Sunday, April 27

Merkel’s health intensifies debate over her succession


 

 

After a second episode in which Ms. Merkel, Germany’s chancellor, trembled uncontrollably in public last week, she headed to the airport, took a 12-hour flight to Japan, held 10 bilateral meetings and four group sessions with world leaders, including President Trump, then flew back to Europe for a record-breaking 20-hour negotiation with her European counterparts in Brussels.

The last several days have been a reminder of Ms. Merkel’s storied stamina, proven in countless crisis summits during her 14 years in office.

But they also reinforce the mystery of what exactly is going on with the health of the woman who has been the rock of European politics at a time when the authority of both her party and her country appear to be declining.

When Angela Merkel trembles, the whole union trembles, Stephan-Andreas Casdorff wrote in the Tagesspiegel newspaper.

On the surface, Ms. Merkel’s two recent trembling episodes within the space of 10 days, which followed a previous incident two years ago in Mexico, have been a strikingly low-key affair in Germany, a country fiercely protective of privacy.

Tight-lipped advisers planted the idea that the second recent episode was psychosomatic, brought on by the memory of the first. The chancellor herself deflected questions in Japan, saying she had nothing special to report.

In Brussels this week, Ms. Merkel failed to muster her hallmark consensus-building powers and steer her peers even to her second-choice candidate for the European Union’s top job. Still, in the final hours of negotiations on Tuesday, her influence proved important in getting a German, her defense minister, Ursula von der Leyen, nominated as the president of the powerful European Commission.

But domestically, opinion polls now regularly put Ms. Merkel’s conservatives in second place behind the liberal Greens.

Ms. Merkel’s anointed successor, Annegret Kramp-Karrenbauer, who last fall won the contest to succeed the chancellor as head of their conservative party, has seen her approval rating drop sharply in recent weeks as questions about her capacity to lead the party into the next election have grown louder.

Possible rivals like Armin Laschet, the leader of Germany’s most populous state, North-Rhine Westphalia, and Markus Söder, the leader of Bavaria’s conservatives, who pair with Ms. Merkel’s party nationally are being floated as alternative candidates for the chancellery, an office traditionally tied to party leadership.

In the meantime, Ms. Merkel, freed from having to run the party and organize the next election, has seen her popularity bounce back only reinforcing the contrast with the embattled Ms. Kramp-Karrenbauer.

When the chancellor announced her decision to run for a fourth four-year term in 2017 she added, explicitly, health permitting.

The qualification, which barely registered at the time, now has a different ring to it.

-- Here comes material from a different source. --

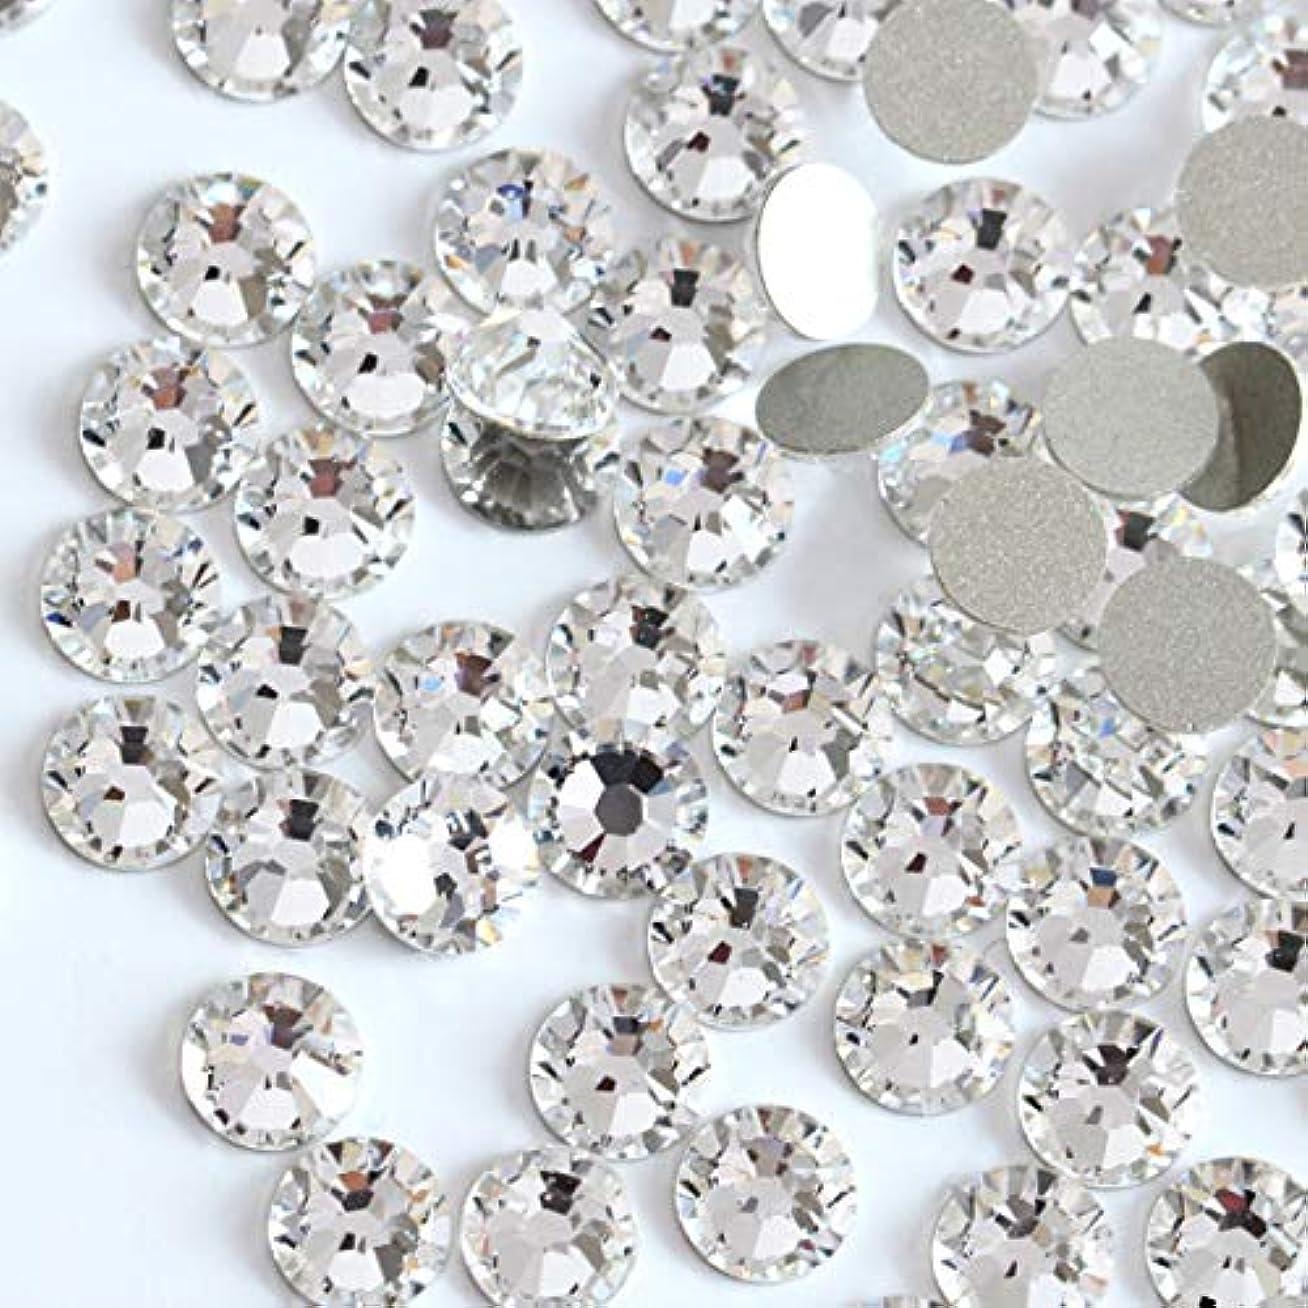 ラジエーター盗難複雑な【ラインストーン77】高品質ガラス製ラインストーン クリスタル SS16(4.0mm) 約1440粒

The flip side of Ms. Merkel’s commitment to serving out her fourth term until 2021, said Nico Fried, a commentator in the Süddeutsche Zeitung newspaper, is the promise to quit if her physical strength reaches its limit.

Citizens can expect that respect of her, Mr. Fried wrote. Just as Merkel can expect the public’s respect in the discussion about her health.

The German public deserves to know what is going on, Mr. Schwennicke wrote. It does not deserve to be treated with Kremlin-levels of secrecy.

Germany is fiercely protective of privacy, and health has always been considered a private matter in the country.

In the 1970s, Chancellor Willy Brandt suffered from grave depression and had multiple affairs, something that was well-known in journalists’ circles during his time in office but was not publicly discussed.

His successor, Chancellor Helmut Schmidt, had a heart ailment that resulted in him being found unconscious in his office multiple times. But again, the news media did not write about his health until after he left office.

Over time, the taboo softened as some German politicians became more open about their health. President Frank-Walter Steinmeier spoke publicly about donating a kidney to his wife.

Wolfgang Schäuble, the veteran lawmaker and former finance minister, has used a wheelchair for decades. And Malu Dreyer, one of Germany’s 16 state governors, publicly announced that she had multiple sclerosis.

But Ms. Merkel has taken privacy to another level and not just on her health, her biographers say.